Task goal: Each line below should be repeated exactly as written, with no pictures carried over.

Supplied data:
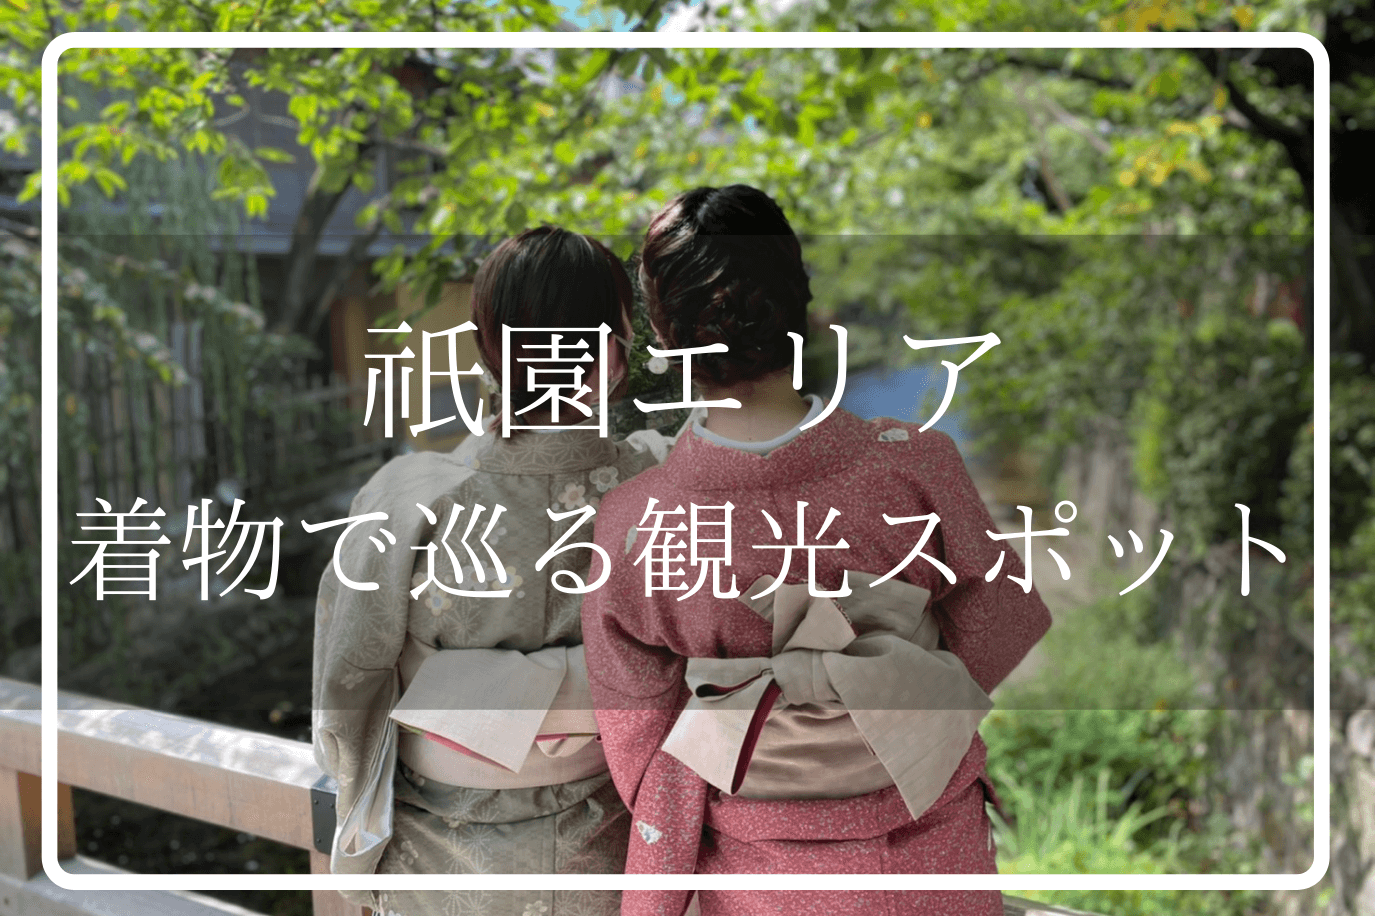 京都祇園の着物観光記事のアイキャッチ
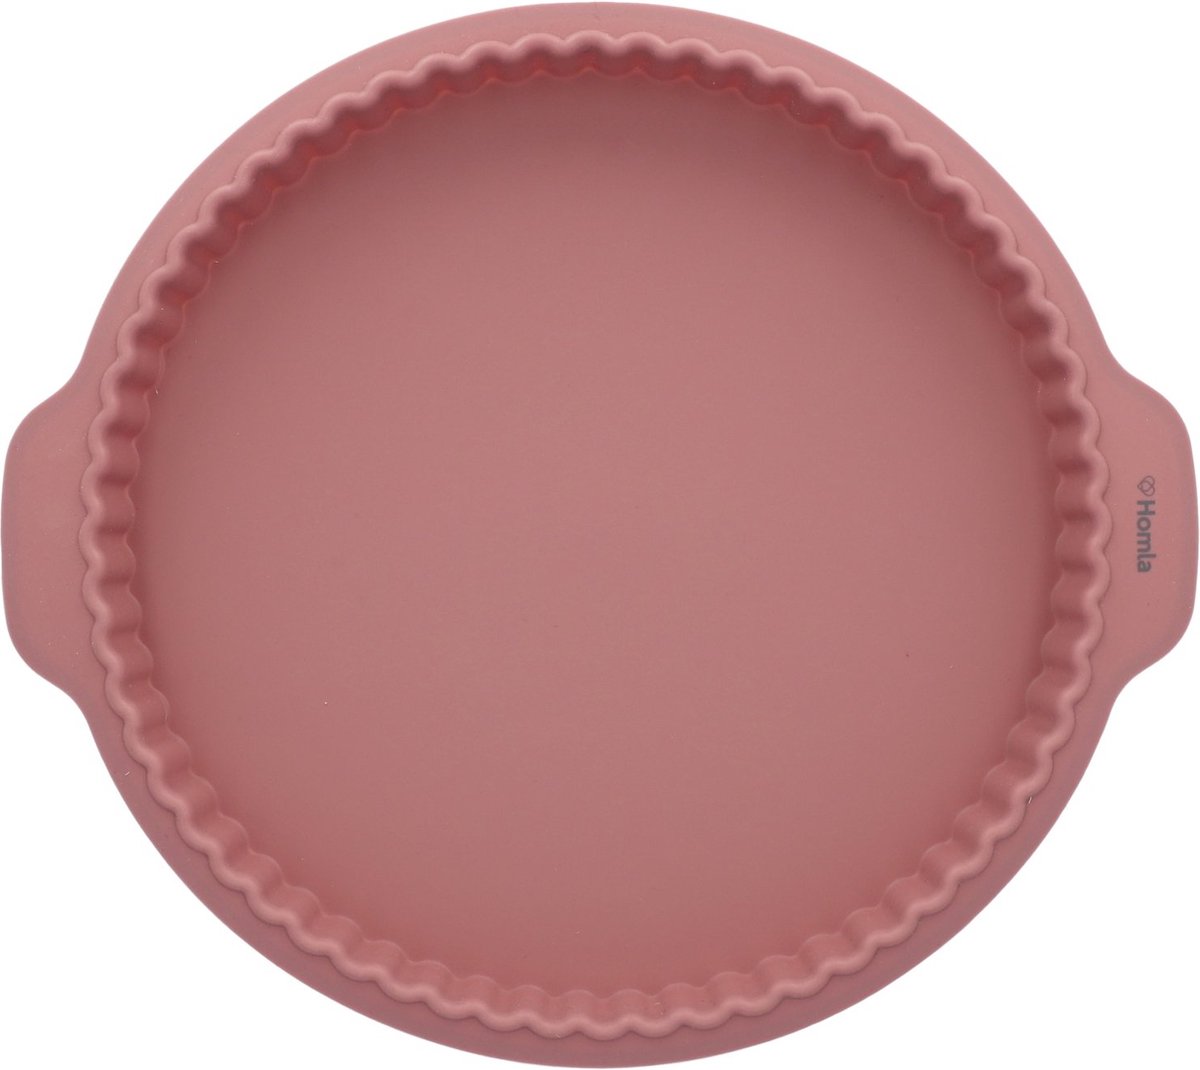 HOMLA Easy Bake Ronde Taartvorm Siliconen Vorm voor het bakken van Quichevorm - Vaatwasmachinebestendig Roze 31 cm
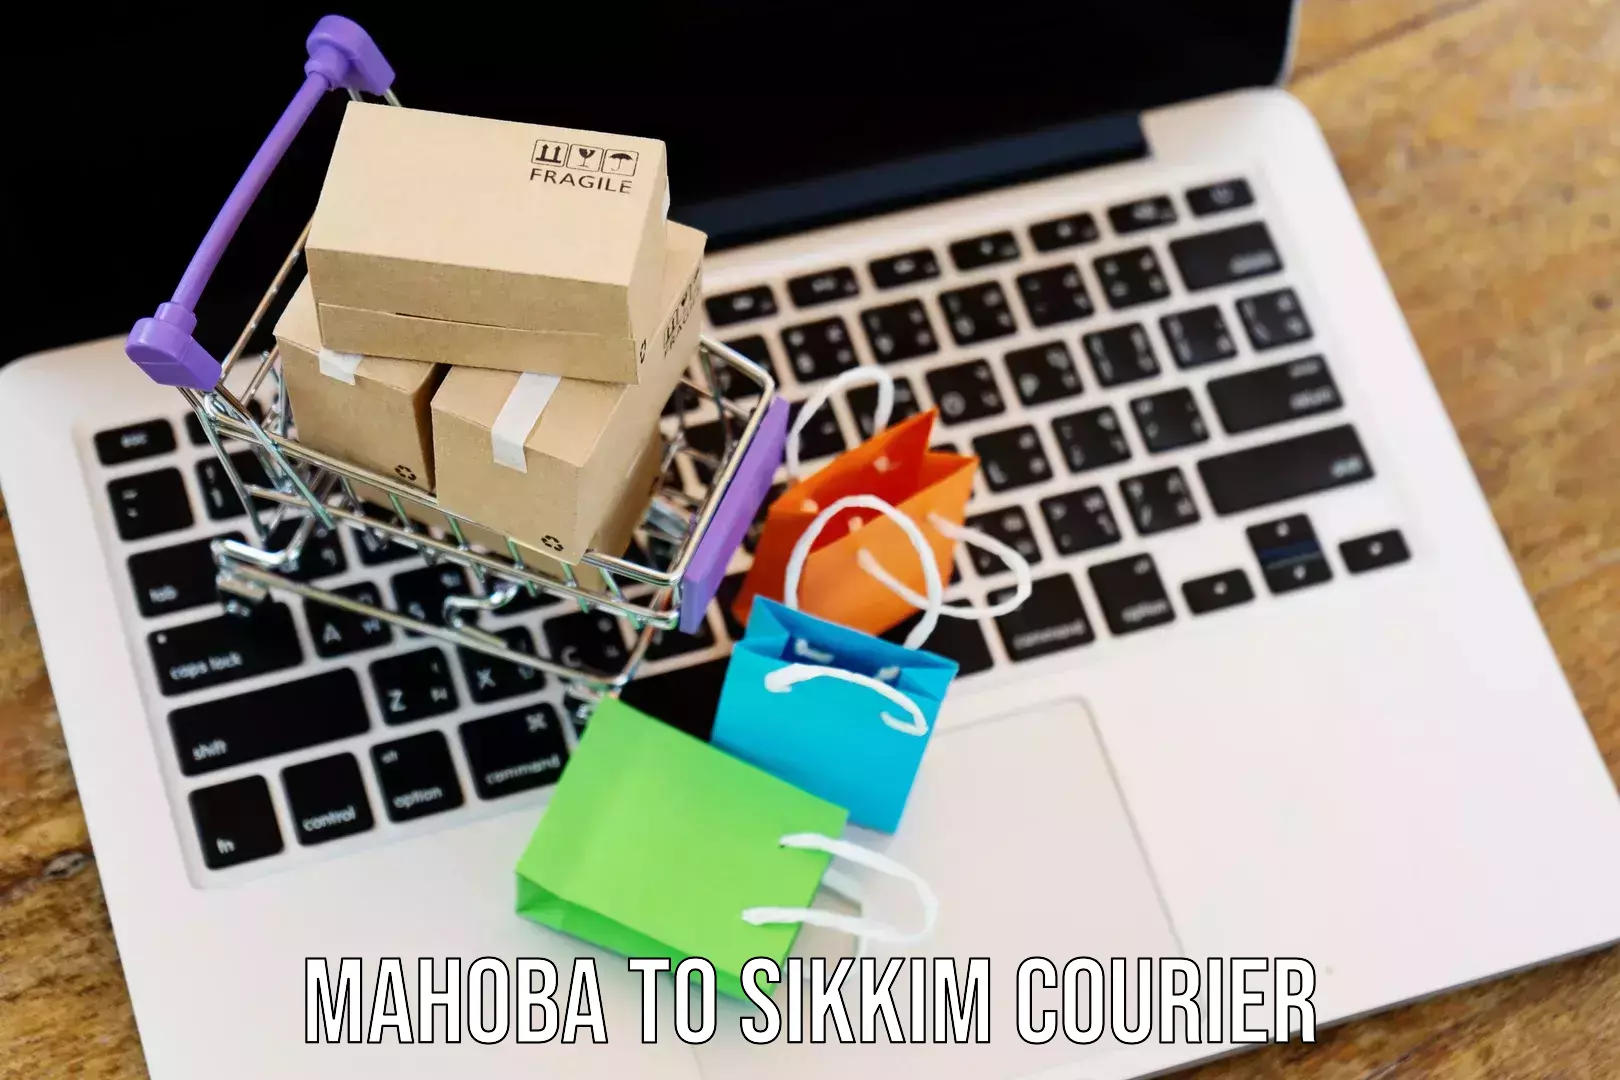 Business shipping needs Mahoba to Mangan
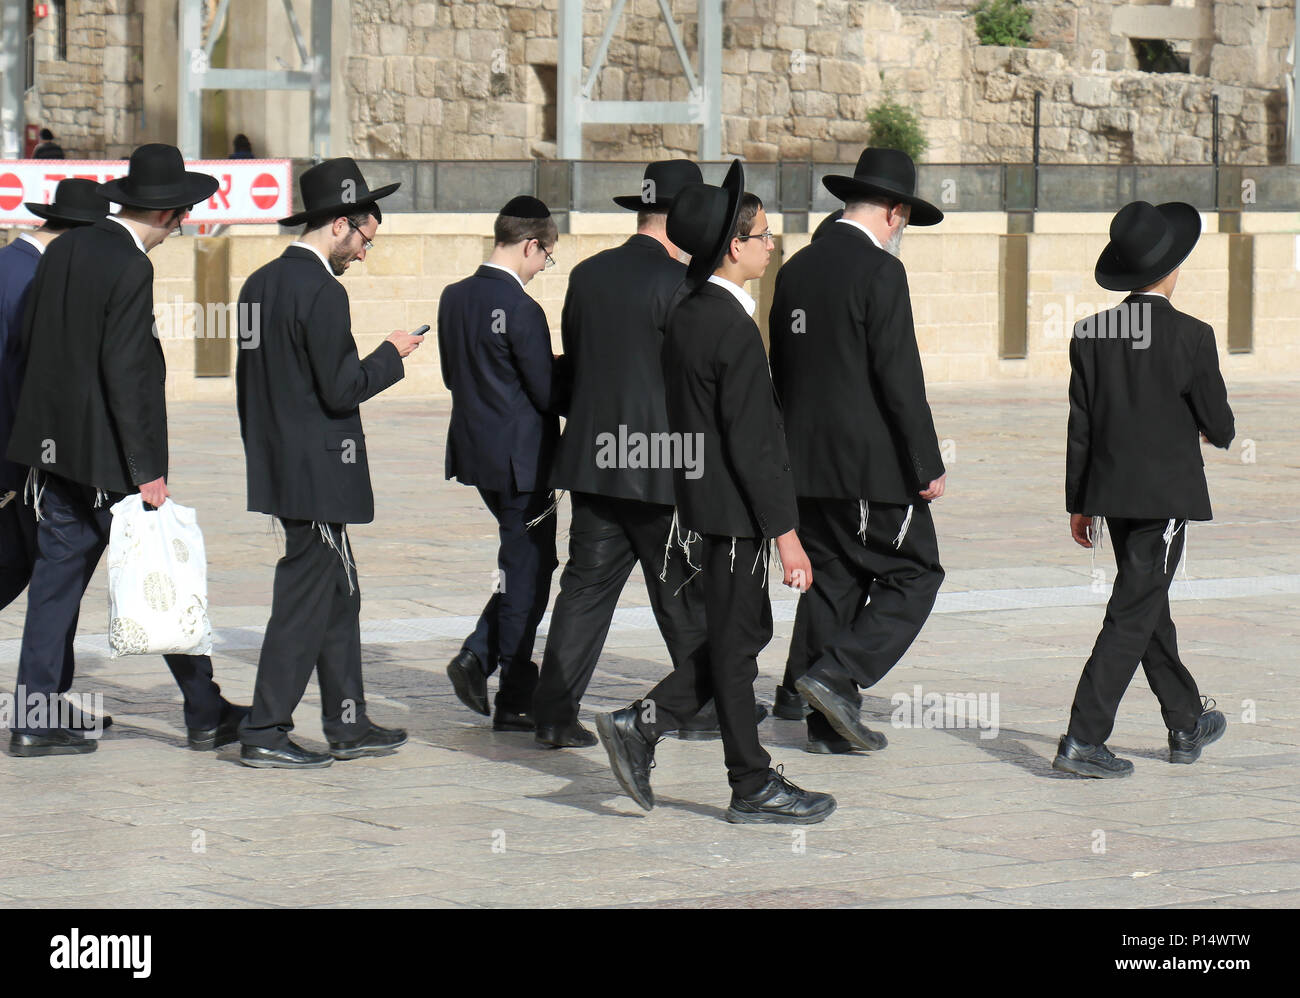 JERUSALEM, Israel - 25. MAI 2018: Eine Gruppe von schwarzen Hut Gruppe der ultra-orthodoxen jüdischen Männern von Chabad Lubavitch Bewegung in Jerusalem Altstadt wandern i Stockfoto

Expected answer:
 京都祇園の着物観光記事のアイキャッチ
 HOMLA Easy Bake Ronde Taartvorm Siliconen Vorm voor het bakken van Quichevorm - Vaatwasmachinebestendig Roze 31 cm
 Business shipping needs Mahoba to Mangan
 JERUSALEM, Israel - 25. MAI 2018: Eine Gruppe von schwarzen Hut Gruppe der ultra-orthodoxen jüdischen Männern von Chabad Lubavitch Bewegung in Jerusalem Altstadt wandern i Stockfoto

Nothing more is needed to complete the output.